Но Форст молчал. Иногда только слышалось, как позвякивали фаустпатроны, как плескалась вода в реке, — и больше ни звука.
Хорбер посмотрел на башенные часы. Четверть третьего. Теперь уже недолго. Но с запада больше не доносилось ни артиллерийских залпов, ни шума боя.
Шольтен тихо сказал:
— Впереди еще должны быть наши части, иначе американцы не стреляли бы.
Он задумался и вдруг явственно услышал какой-то шум.

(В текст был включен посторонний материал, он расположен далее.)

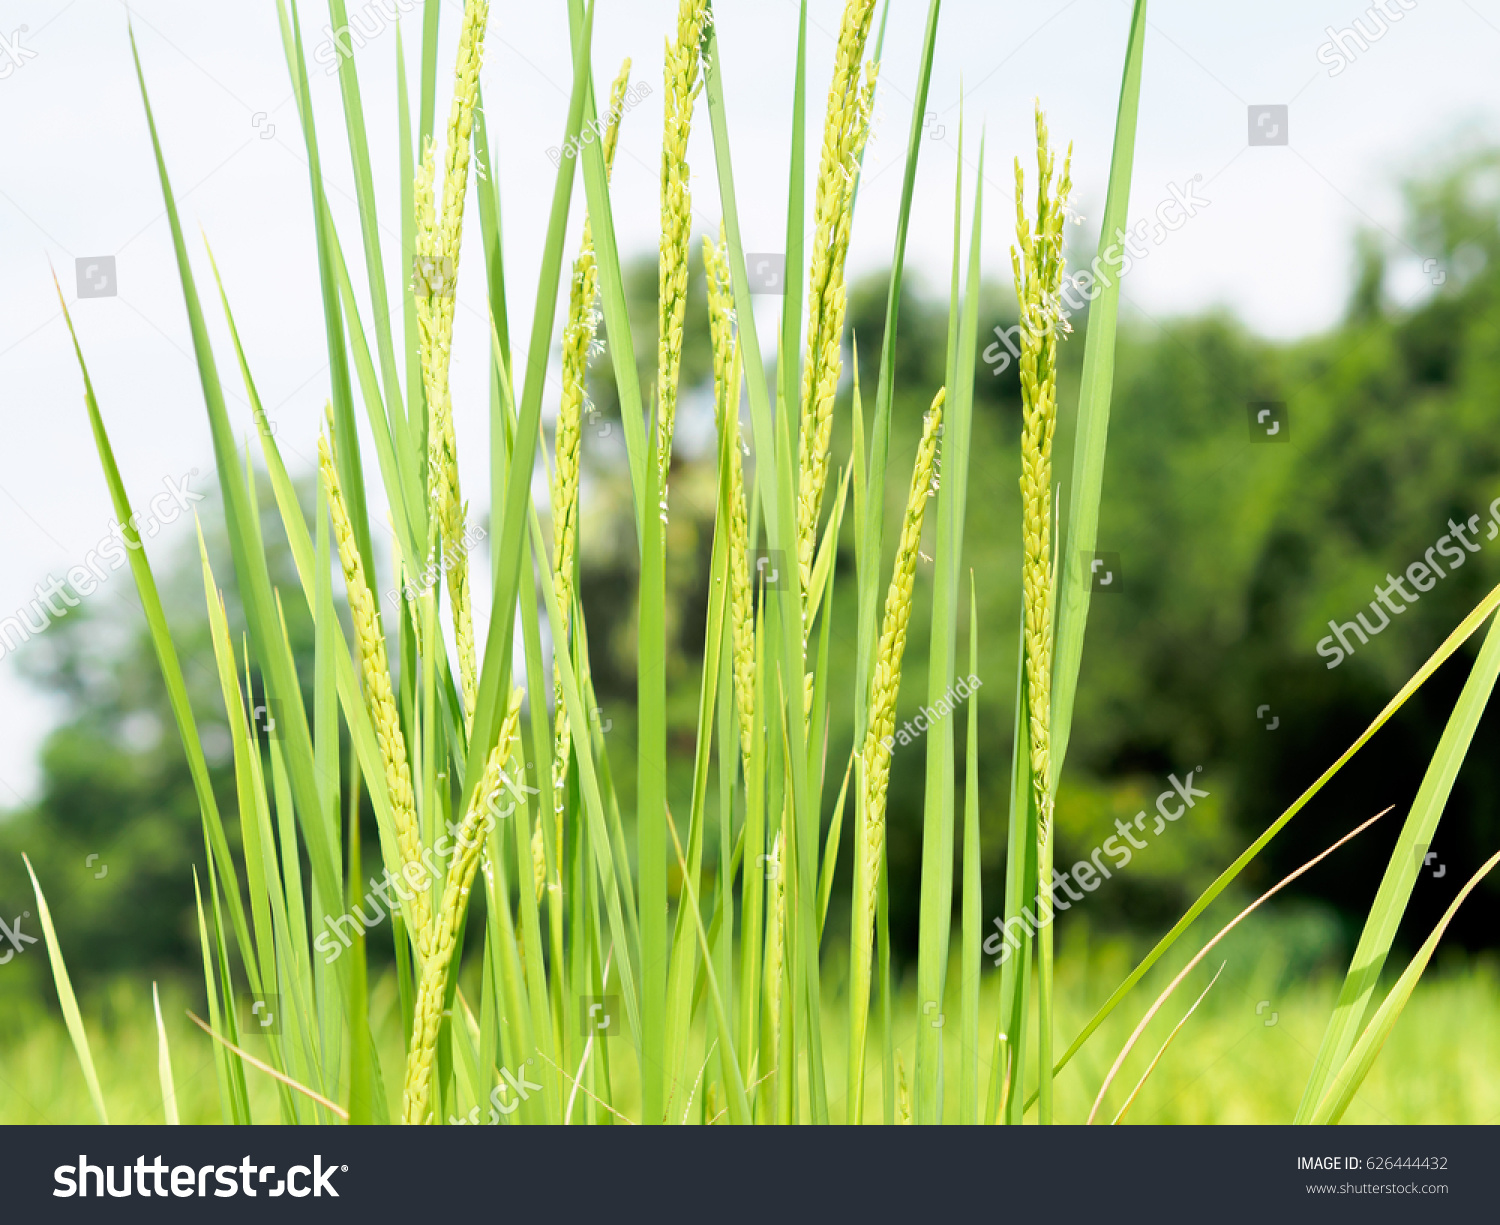 Green rice plants in paddy field #626444432

Мотор! Шум мотора! Звук приближался, усиливался, его услыхали все!
— Танк! — закричал Шольтен. Но то, что обогнуло угол и выползло на улицу, — великолепная цель для пулеметов, фаустпатронов Вальтера и самозарядной винтовки Юргена Борхарта, — оказалось потрепанным немецким грузовиком, облепленным со всех сторон солдатами.
Грузовик, дребезжа, въехал на мост, замедлил ход и остановился. Шофер крикнул мальчикам:
— Будете взрывать?
— Нет, надо удержать! — ответил Шольтен.
— Какого черта! — выругался шофер. — Надо поскорее сматываться отсюда, а то как бы нас не приняли за подкрепление.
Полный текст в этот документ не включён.